With no hope of D.C. charter funding equity with DCPS, the alternative sector should change course

Not widely known is that the FOCUS engineered lawsuit brought by Washington Latin PCS, Eagle Academy PCS, and the DC Association of Chartered Public Schools ended quietly in July of 2019 when the U.S. Court of Appeals for the District of Columbia Circuit dismissed the legal action on the grounds that the case did not belong in federal court. The original action was brought in part because of an analysis by Mary Levy that found that between the 2008 and 2012 school years the traditional schools received between $72 million and $127 million annually in funding outside of the Uniform Per Student Funding Formula to which charters did not have access. As stipulated in the School Reform Act, all revenue for public school funding must come through the UPSFF.

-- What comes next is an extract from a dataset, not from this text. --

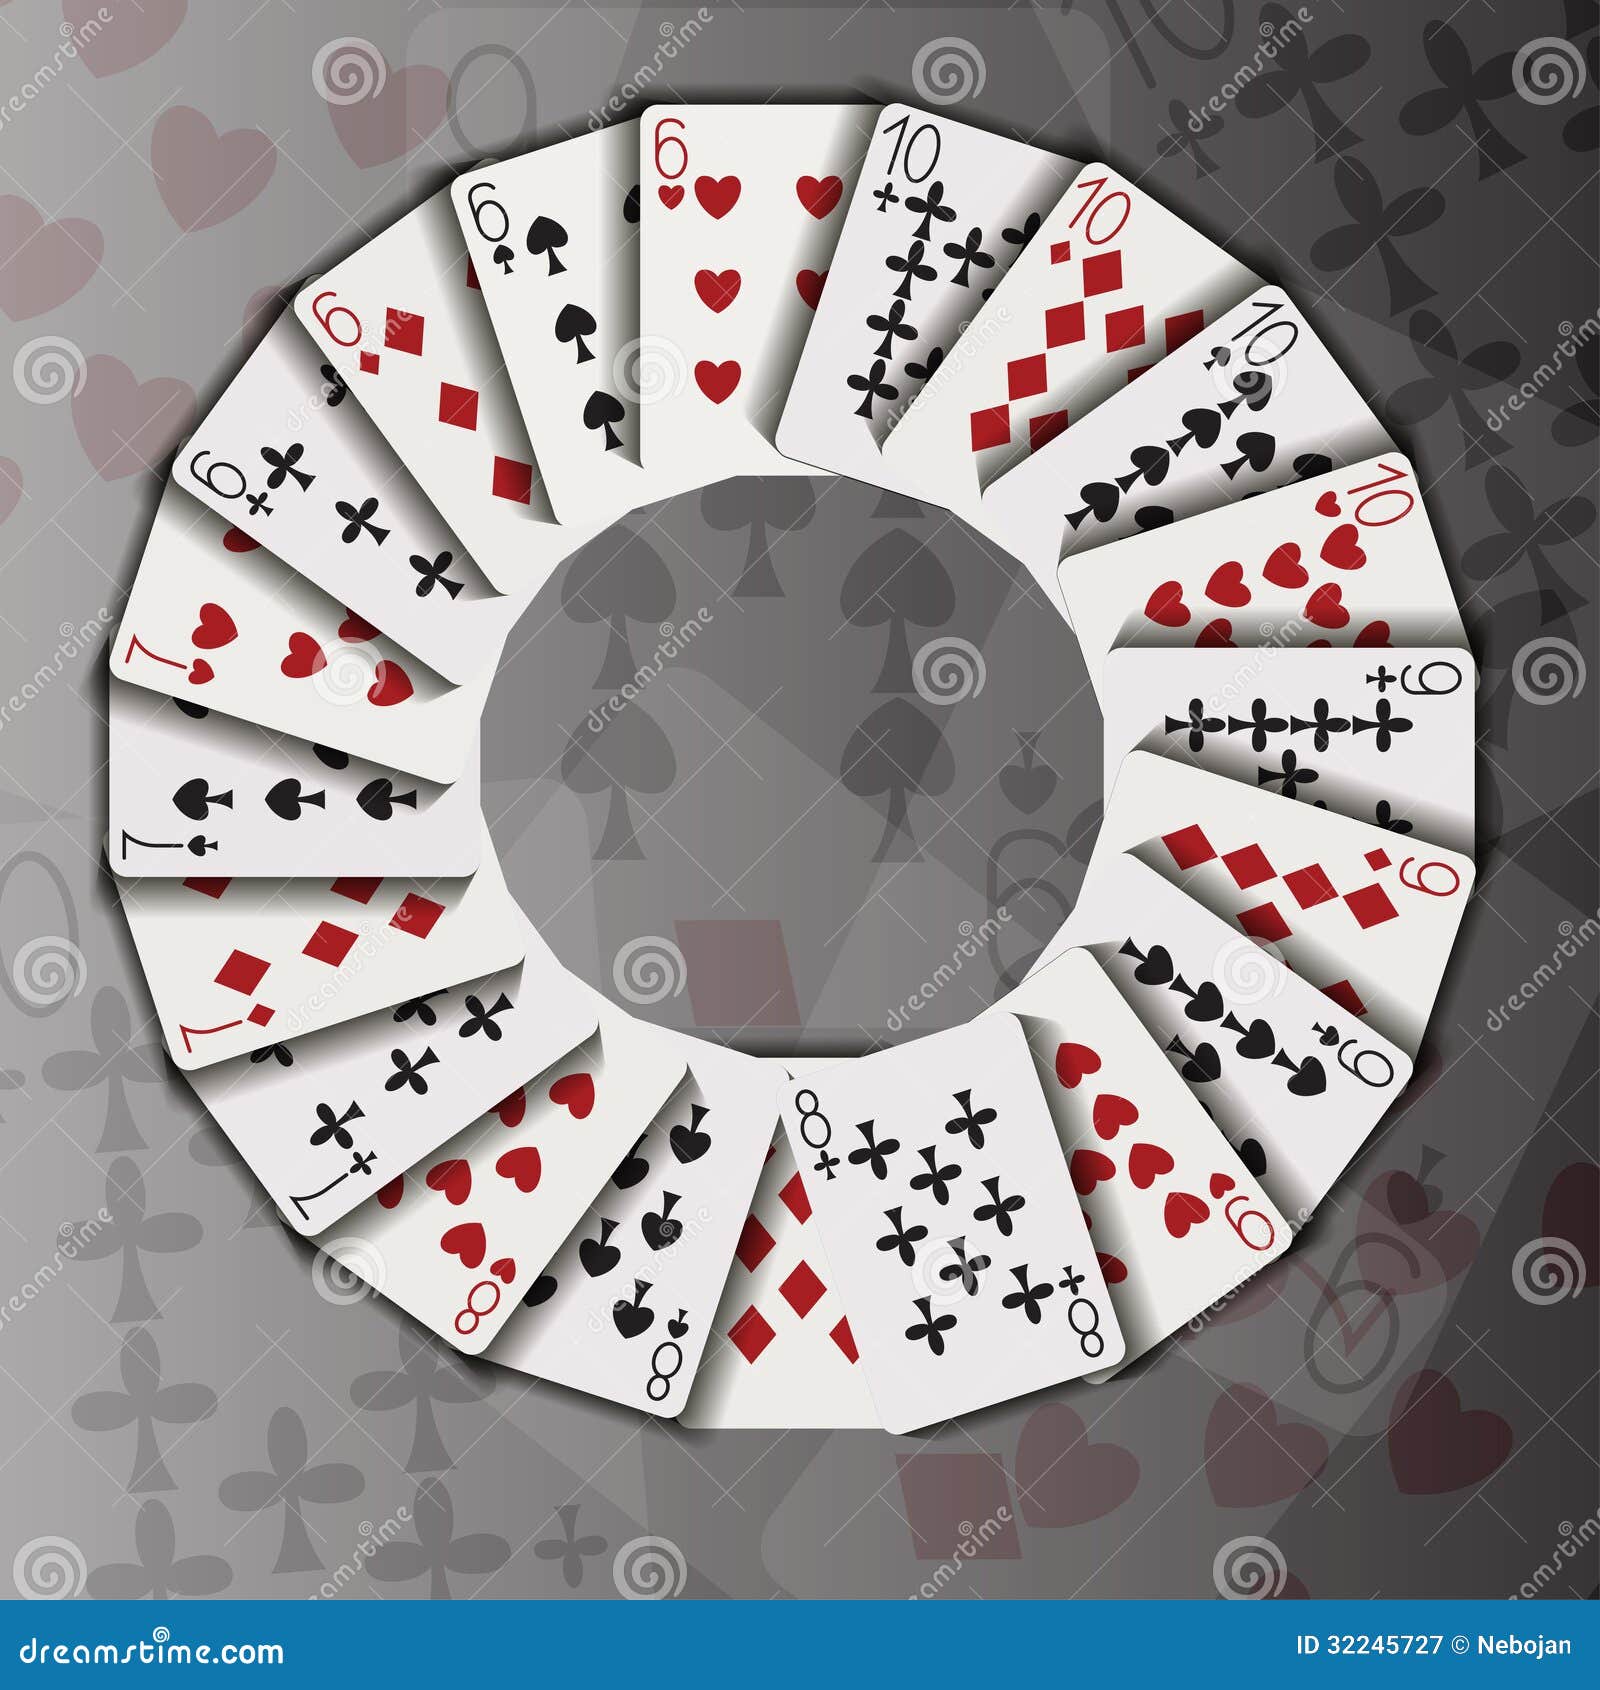 В четырех кругах разложено 7 карт. Карточный круг. Карточная игра по кругу. Игральные карты кругом. Карты разложенные по кругу.

So now what? Should a new court case be started? This would be my preference but in reality I recognize that the chances of a sequel are nil. FOCUS, who organized the past effort, is no more, replaced by the DC Charter School Alliance. One of the plaintiffs, the DC Association of Chartered Public Schools, also ended operating, being melded into the Alliance. I sense that with charters struggling to open in the face of the pandemic, a fight with the city is about the last thing these institutions want to concentrate on.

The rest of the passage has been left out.